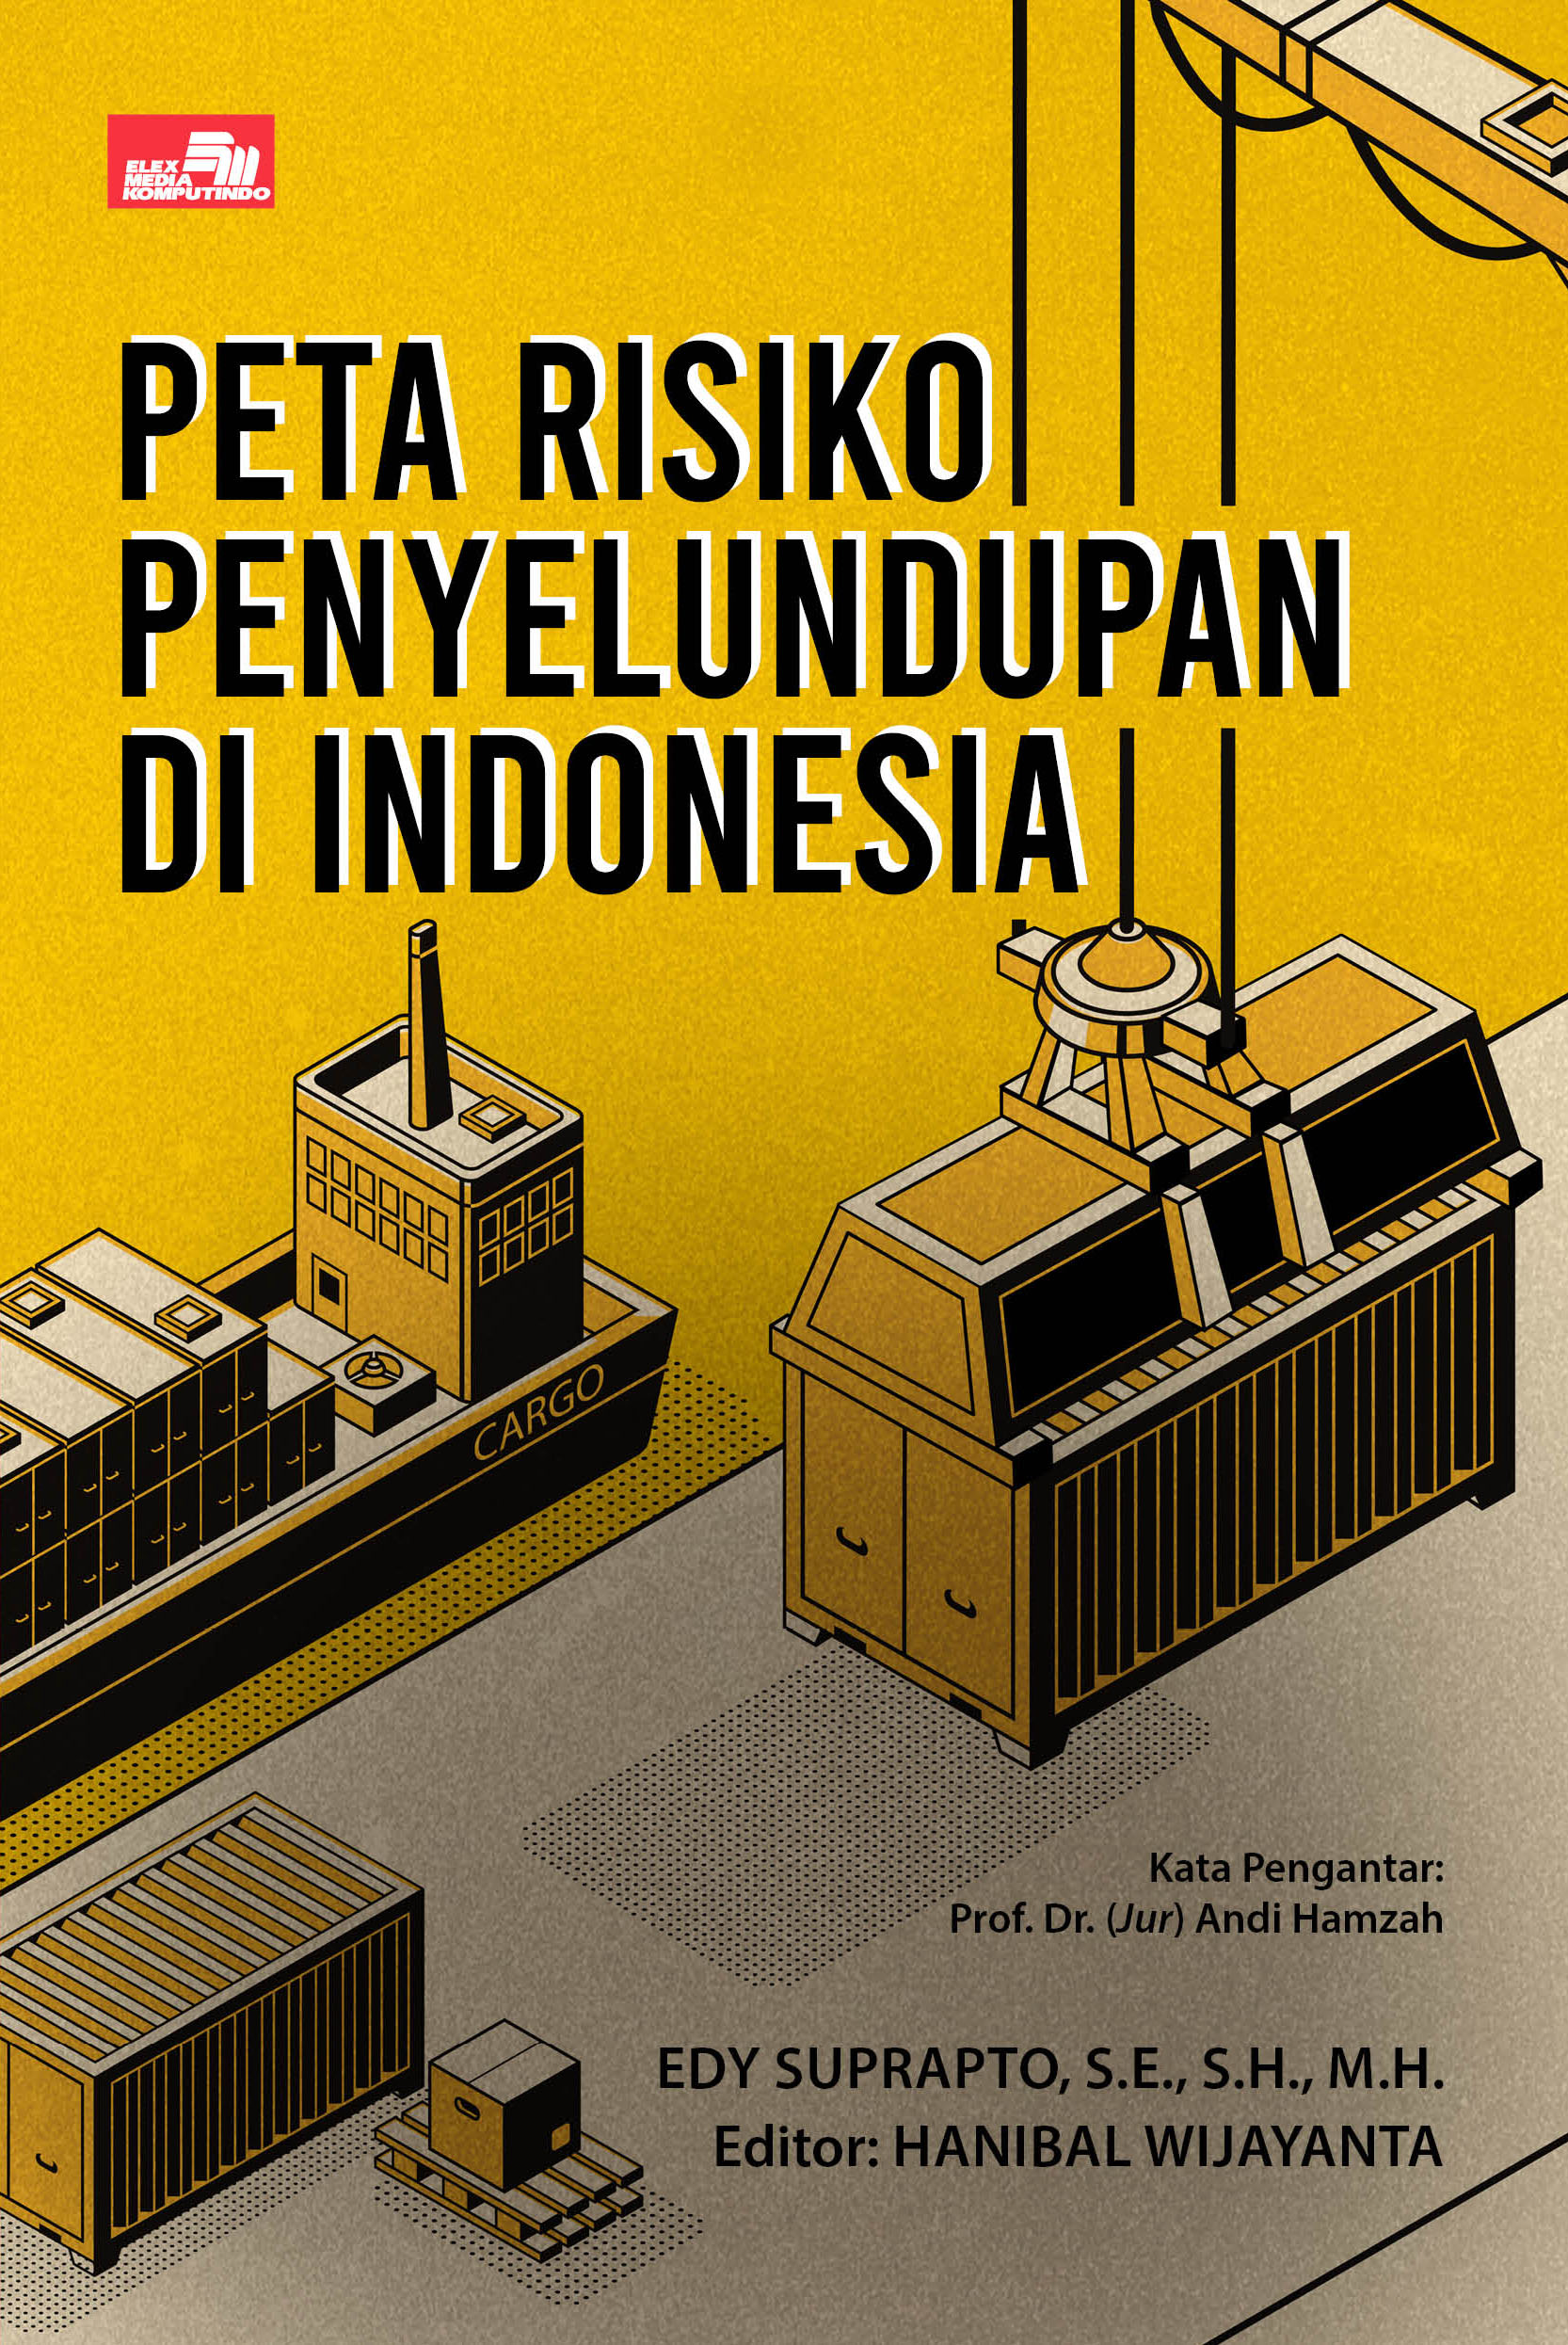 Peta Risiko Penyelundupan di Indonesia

--

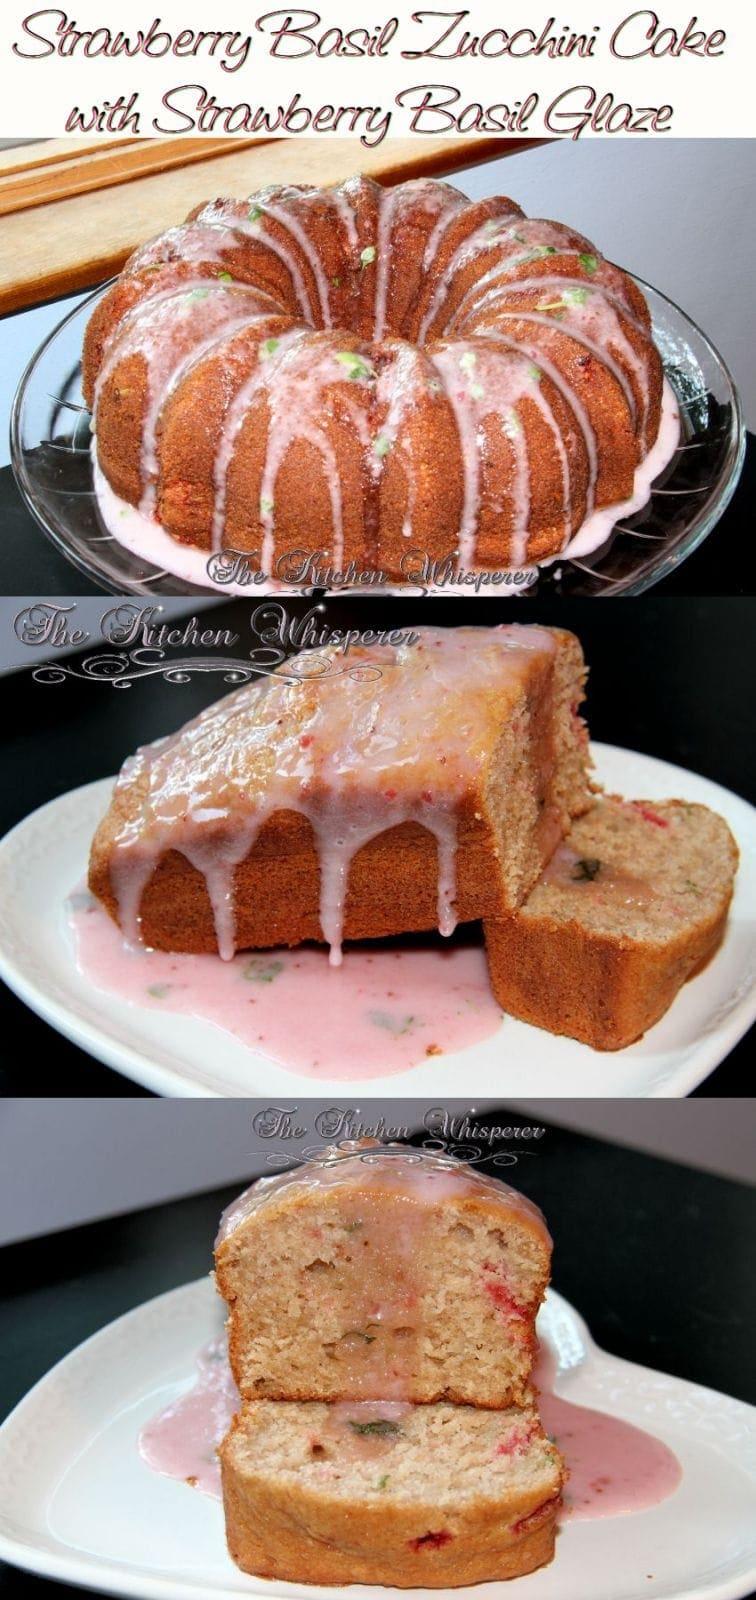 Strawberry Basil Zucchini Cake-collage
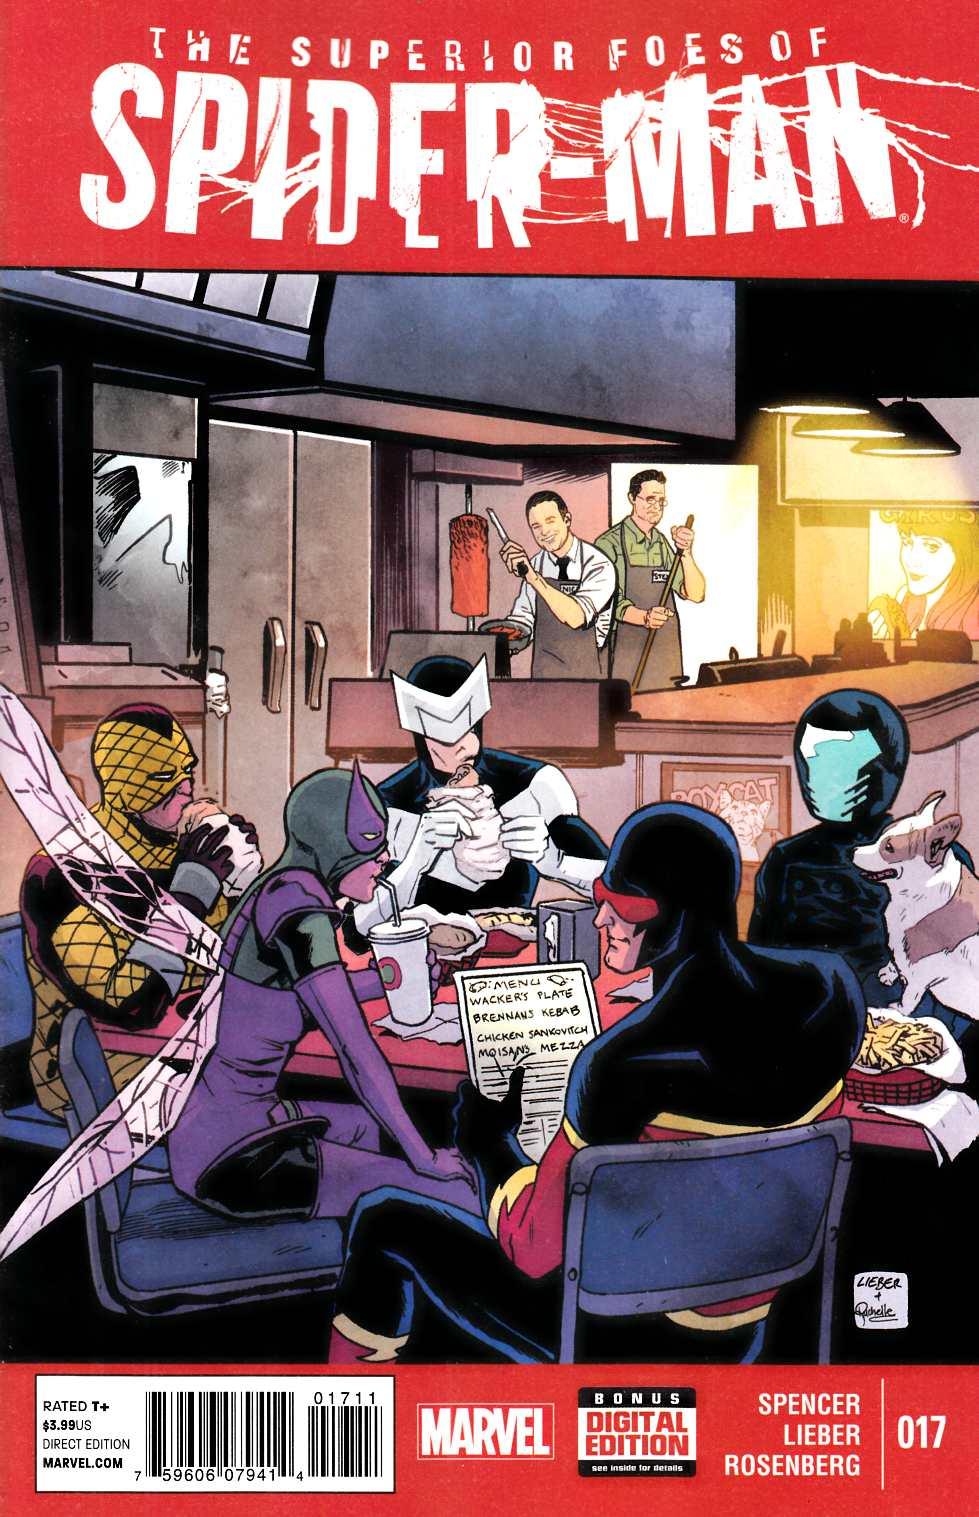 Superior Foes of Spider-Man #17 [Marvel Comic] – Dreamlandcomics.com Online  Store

## What to do
From the material above, reproduce only what runs from the line holding "Strawberry Basil Zucchini Cake-collage" down to the line holding "Superior Foes of", both included, pictures excluded.

## Task answer
 Strawberry Basil Zucchini Cake-collage
 Superior Foes of Spider-Man #17 [Marvel Comic] – Dreamlandcomics.com Online  Store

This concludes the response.